さらにP&Gには、市民運動での合成洗剤批判のグレーなイメージを隠蔽すべく、自社Webサイトで「サステナビリティ」という語句を用いて、あたかも自社の事業活動がサステナビリティ面で貢献しているかのように錯覚させたり、学校教育の場面に介入し、環境汚染物質を含む製品のイメージ美化を図ったり、東日本大震災後には、自社製品を使った洗濯ボランティアで貢献しているといったCSR活動などで、市民的な印象を装うとする美化工作の動きもみられます。

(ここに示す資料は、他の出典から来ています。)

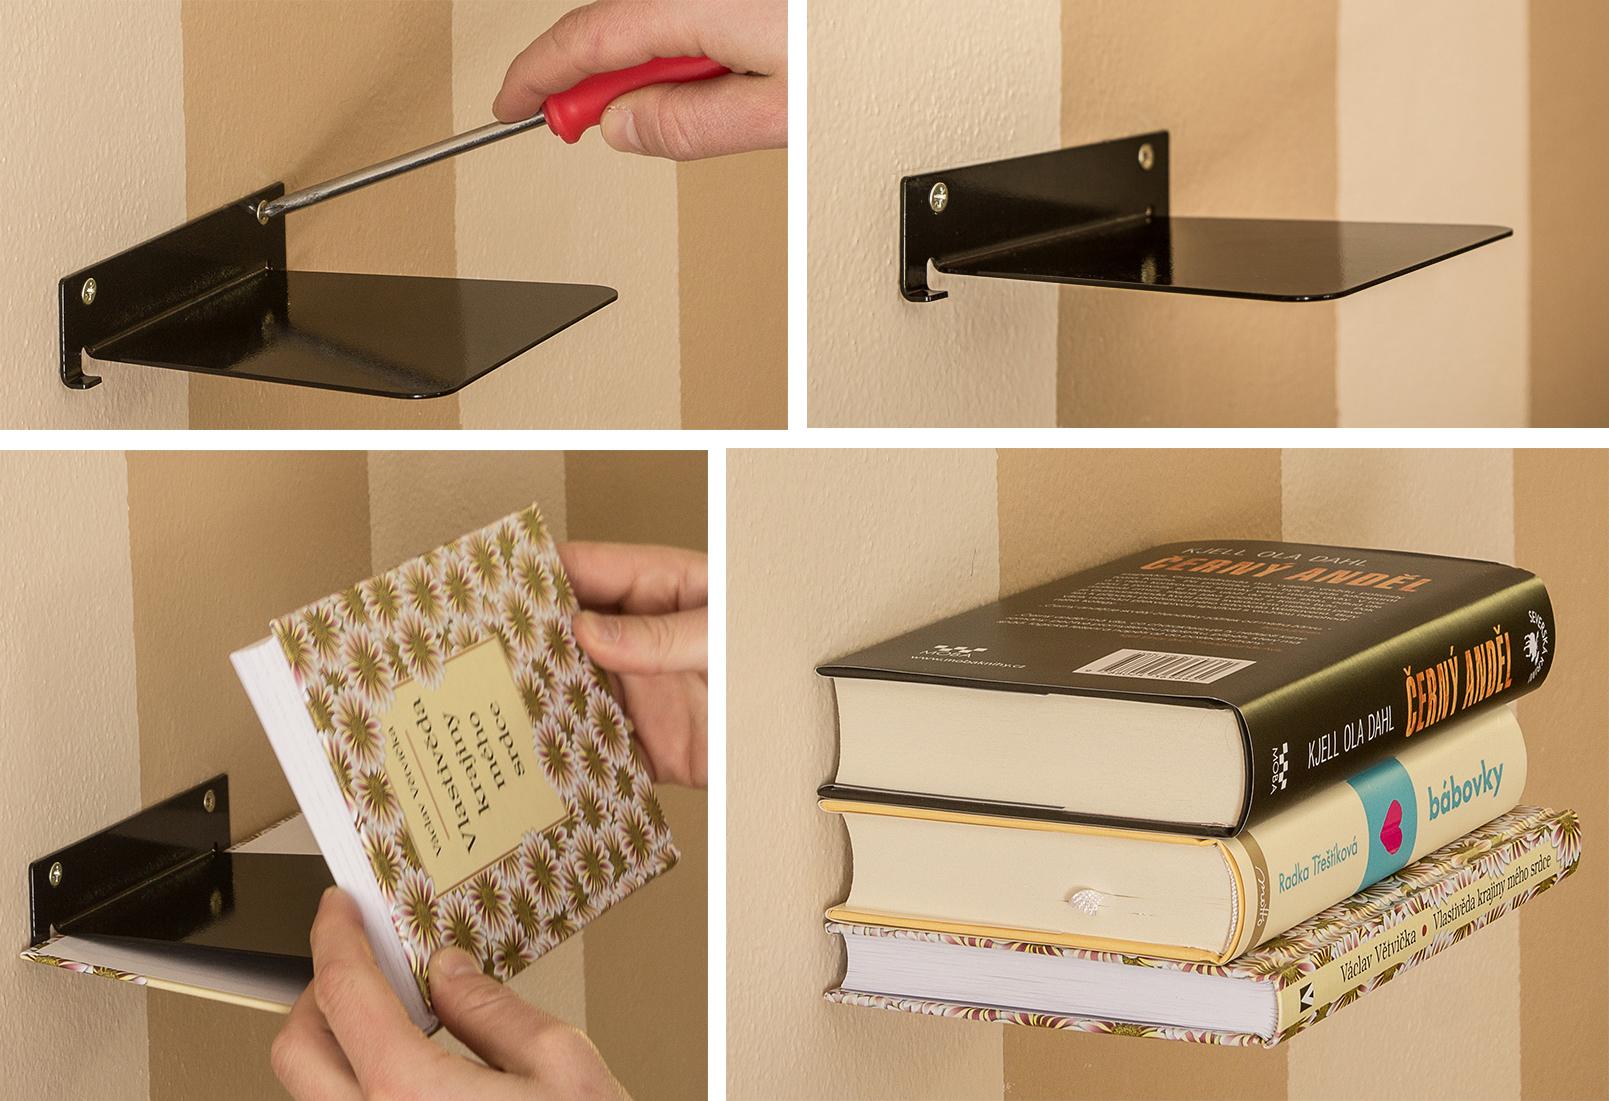 neviditelna-police-montaz-a-umisteni-knih

最近の強香柔軟剤のブームは、アメリカP&G社のメキシコ製ダウニーがきっかけといわれています。従来は、日本では強香製品は受け入れられませんでしたが、P&G製品の影響で、何らかのきっかけでブームとなったのです。先に述べたマクドナルドの事例とよく似ています。そこにも、アメリカナイズの影響がみられます。最近では、柔軟剤などの強い臭気で健康被害を訴える事例が多発しており、消費生活センターに苦情が殺到するなど、大きな社会問題となっています。学校においても、強香が嫌いな児童・生徒に対する人権侵害の問題になっており、議論を呼んでいます。